Segment Start: SUPPLIED RECORDS

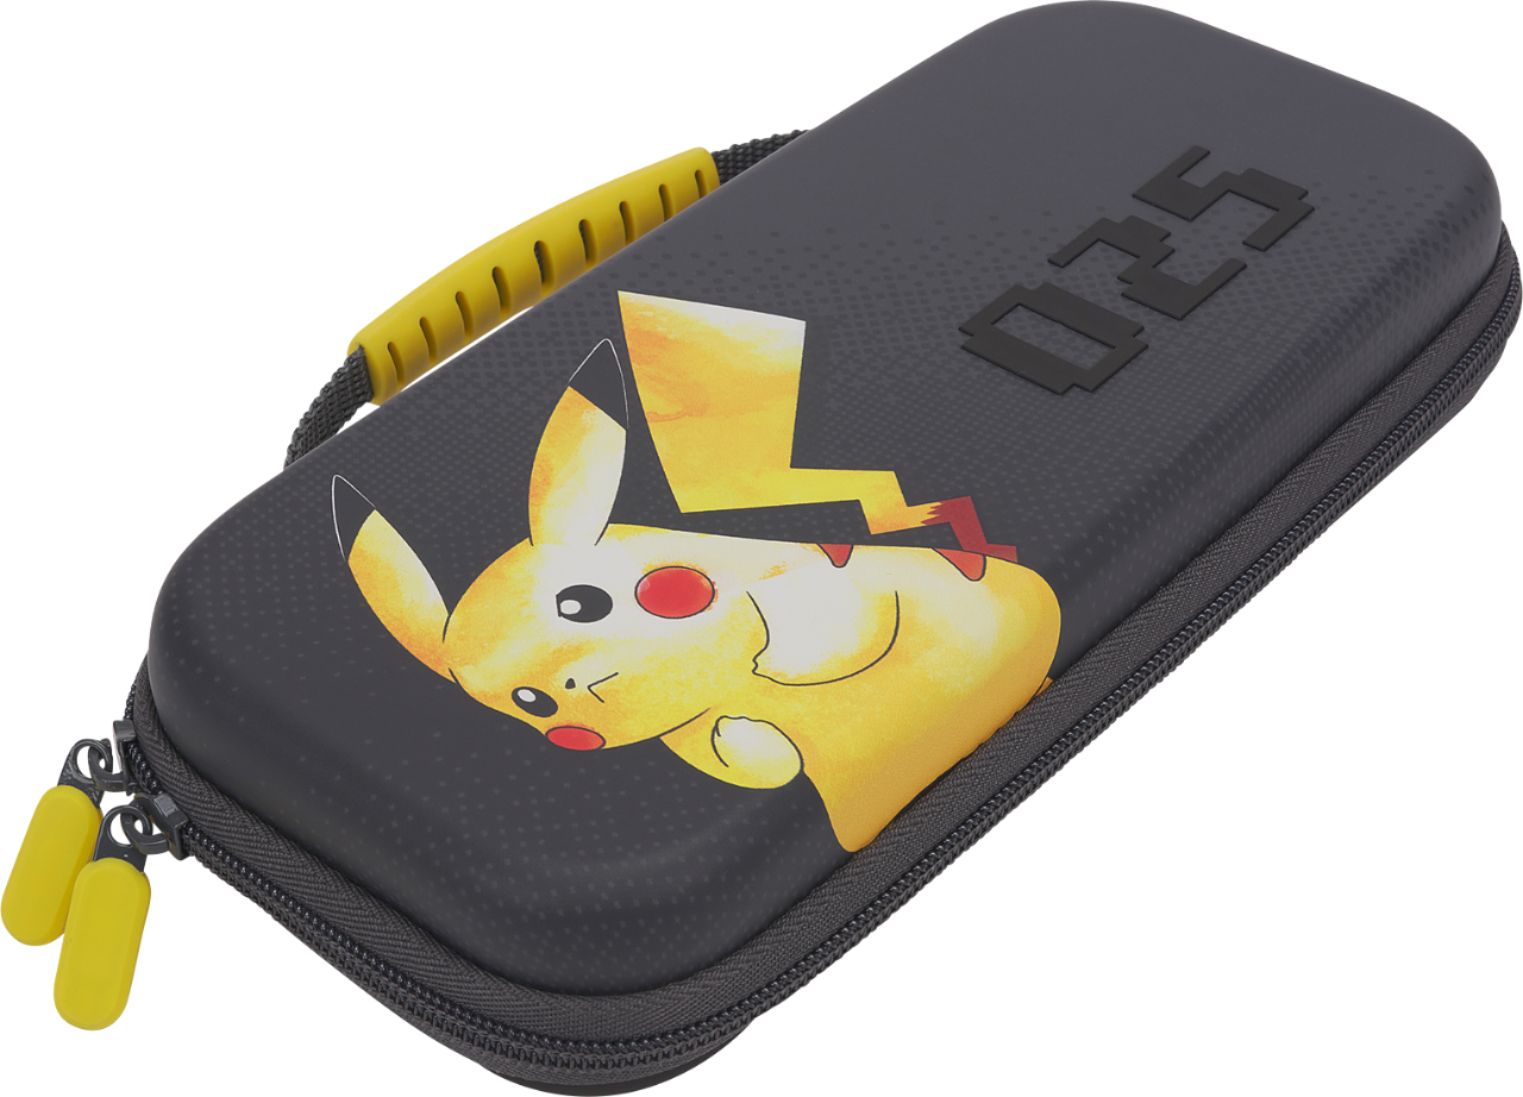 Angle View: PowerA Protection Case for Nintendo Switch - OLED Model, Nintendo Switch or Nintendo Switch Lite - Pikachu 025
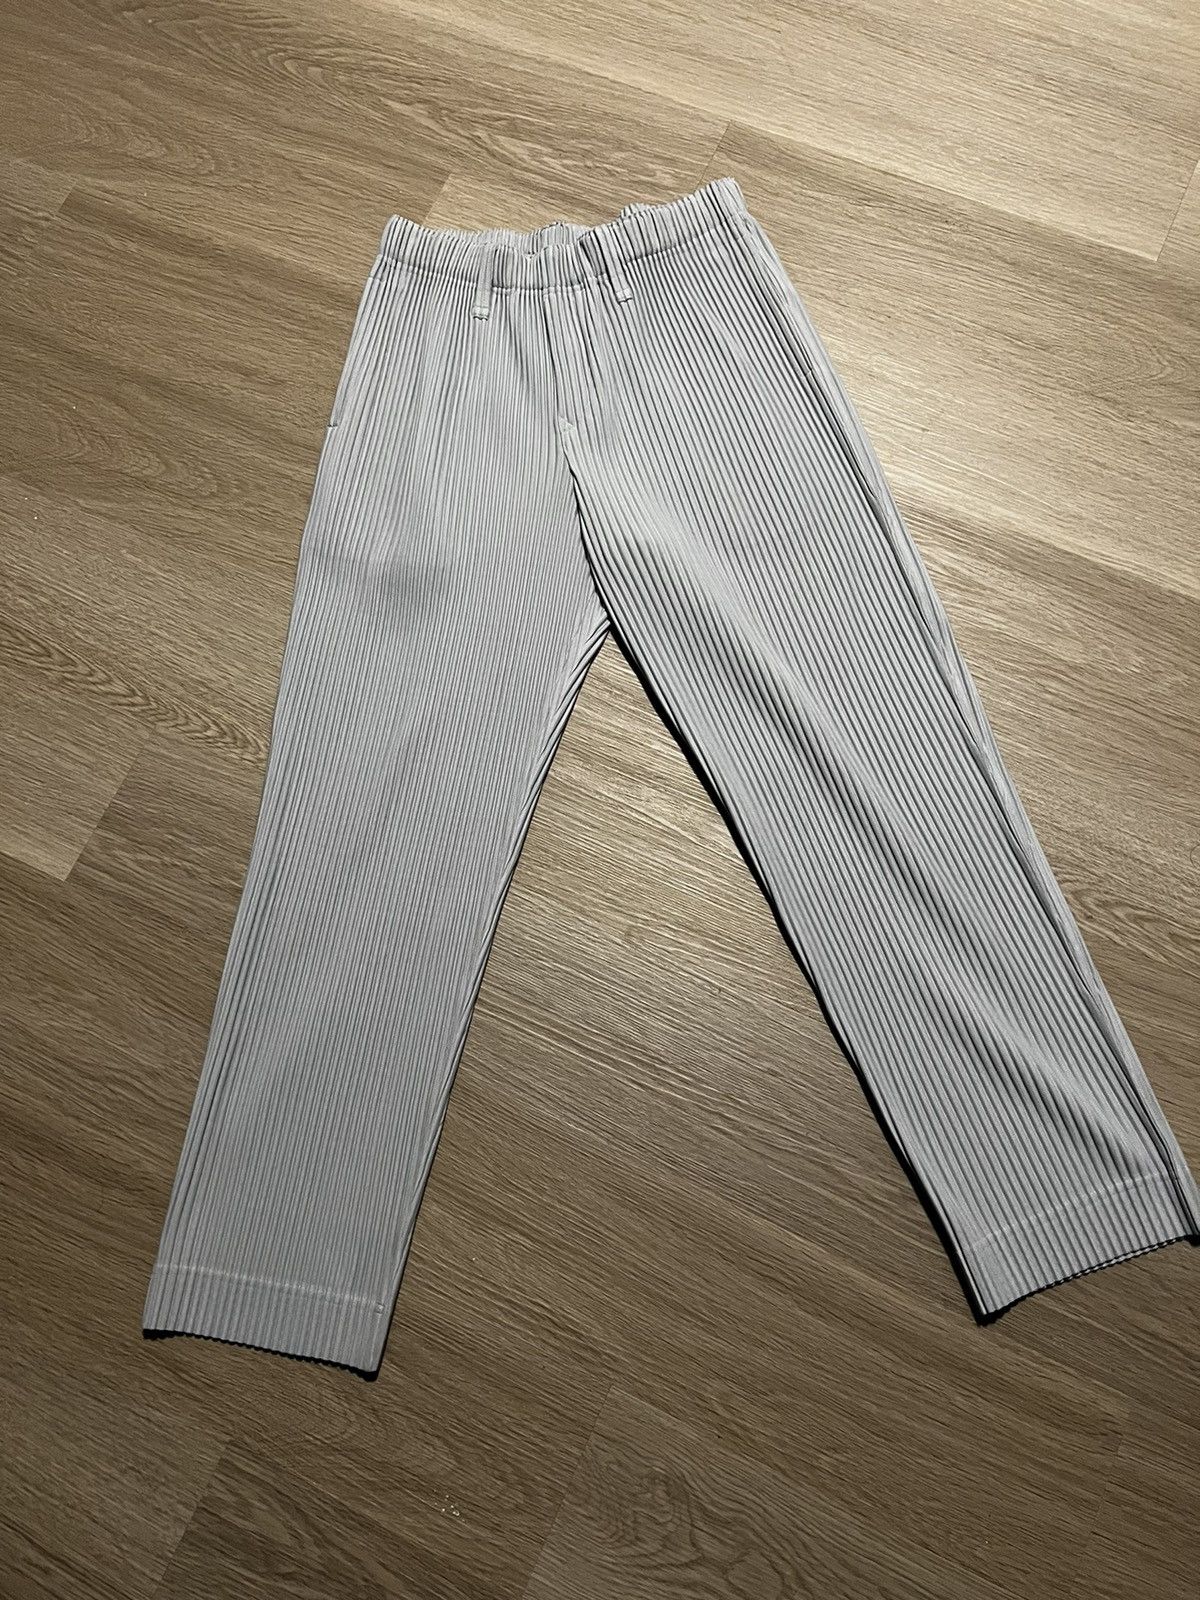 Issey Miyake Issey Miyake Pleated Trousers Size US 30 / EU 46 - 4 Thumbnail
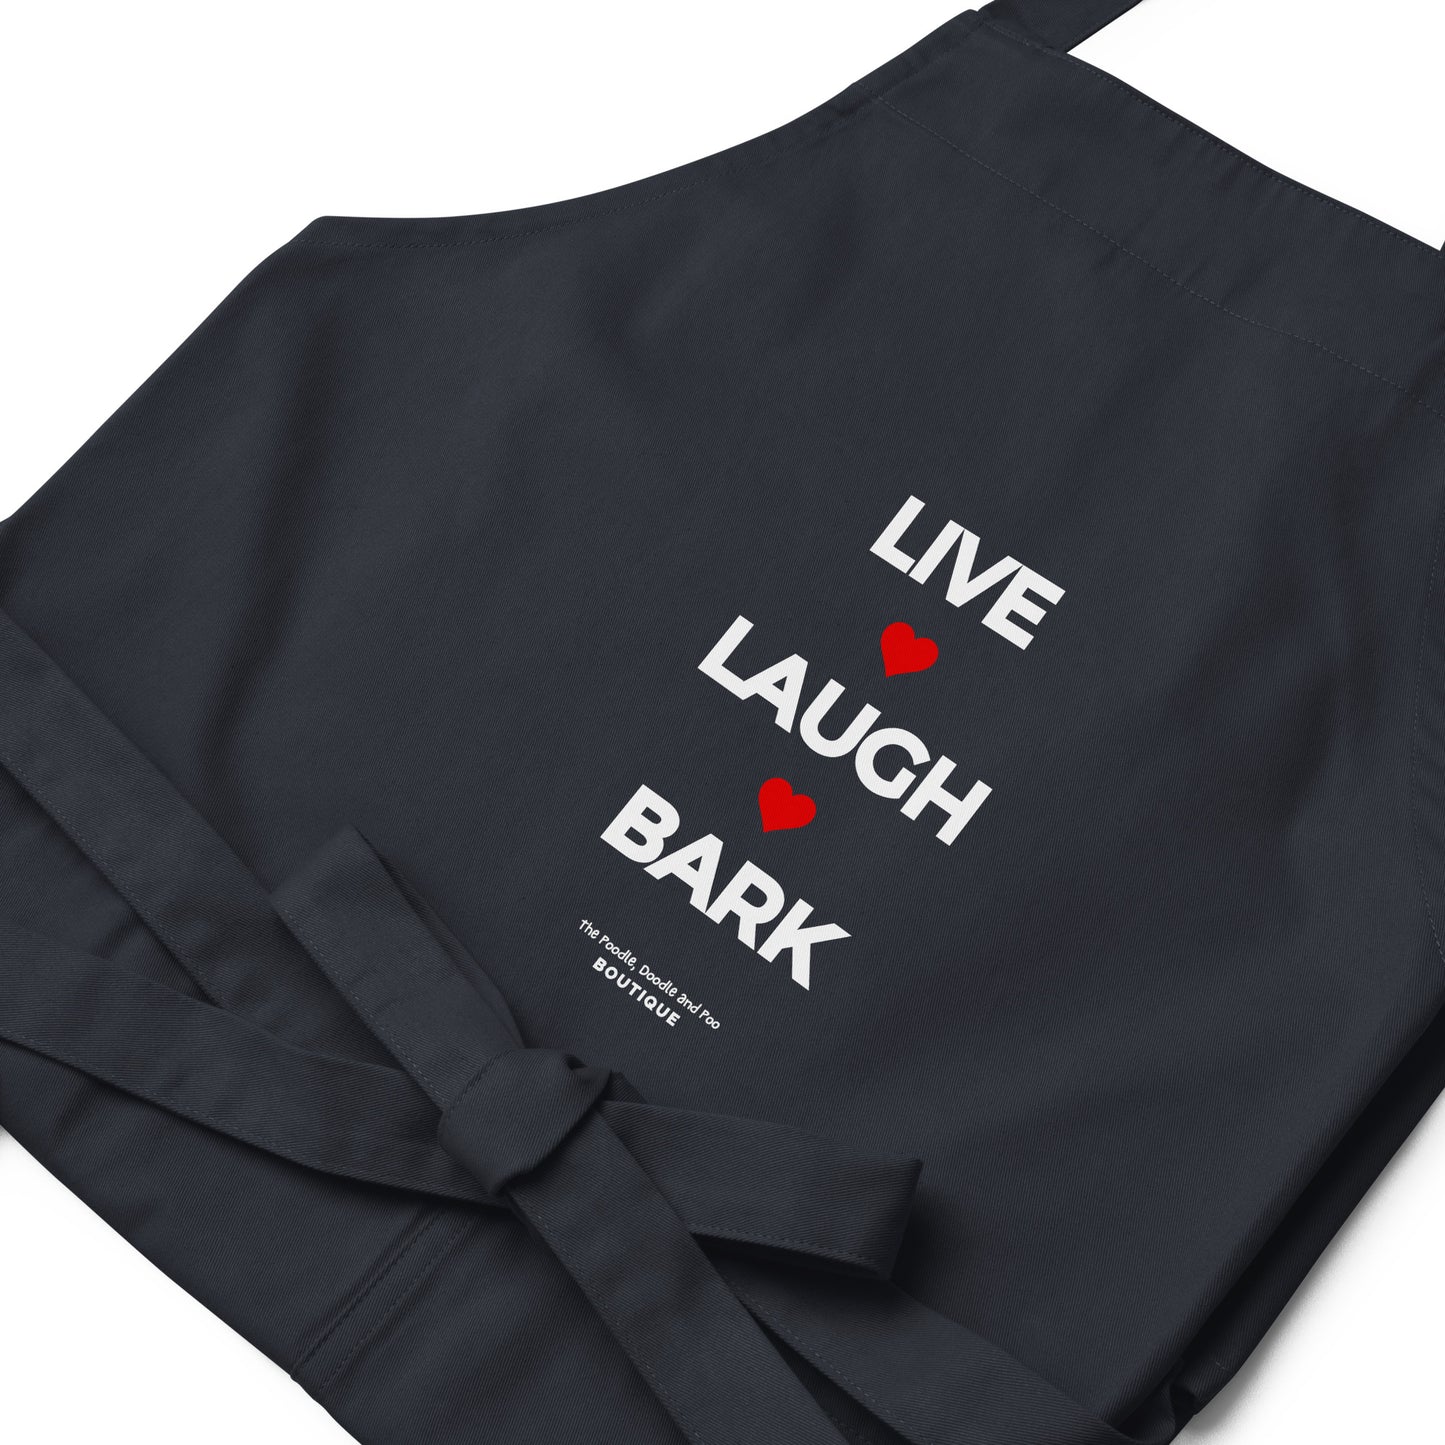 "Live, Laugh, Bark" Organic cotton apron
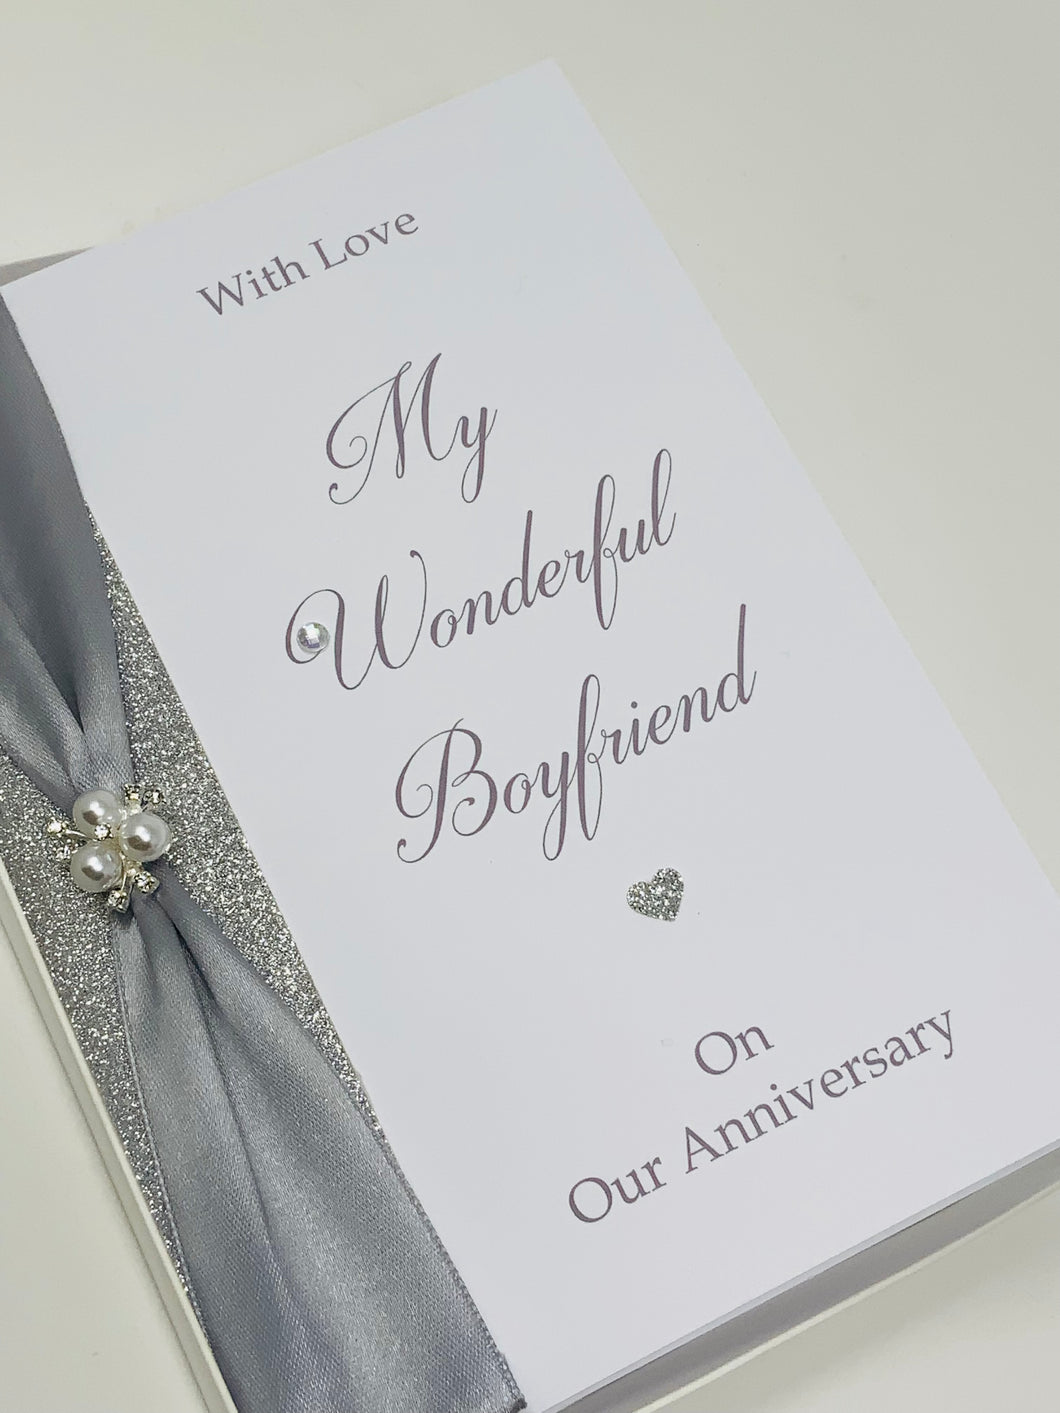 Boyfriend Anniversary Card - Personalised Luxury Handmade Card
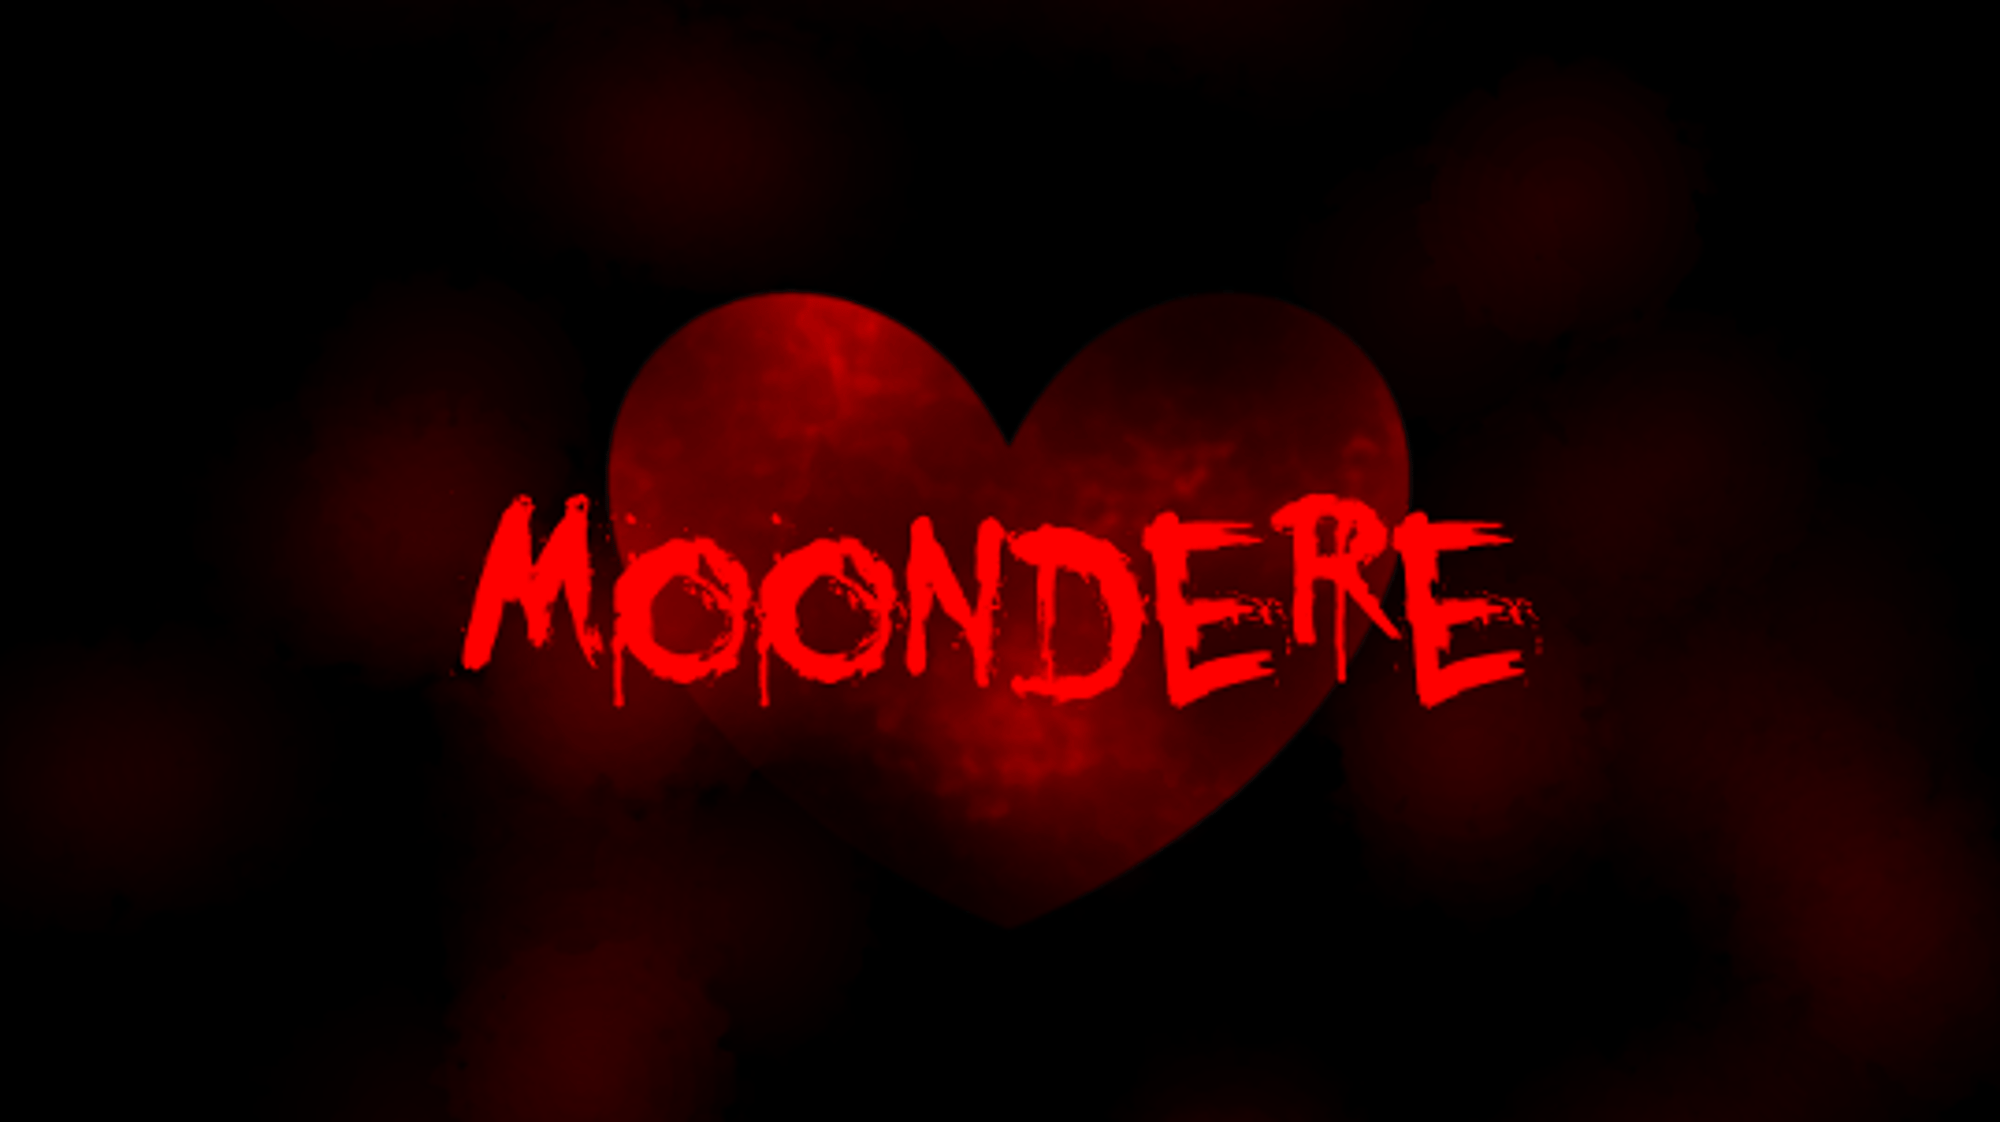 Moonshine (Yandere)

Segment End: SUPPLIED RECORDS

* [YOUR GOAL]
Transcribe each record exactly as it appears, but omit every picture.

* [WRITTEN ANSWER]
 Angle View: PowerA Protection Case for Nintendo Switch - OLED Model, Nintendo Switch or Nintendo Switch Lite - Pikachu 025
 Issey Miyake Issey Miyake Pleated Trousers Size US 30 / EU 46 - 4 Thumbnail
 "Live, Laugh, Bark" Organic cotton apron
 Boyfriend Anniversary Card - Personalised Luxury Handmade Card
 Moonshine (Yandere)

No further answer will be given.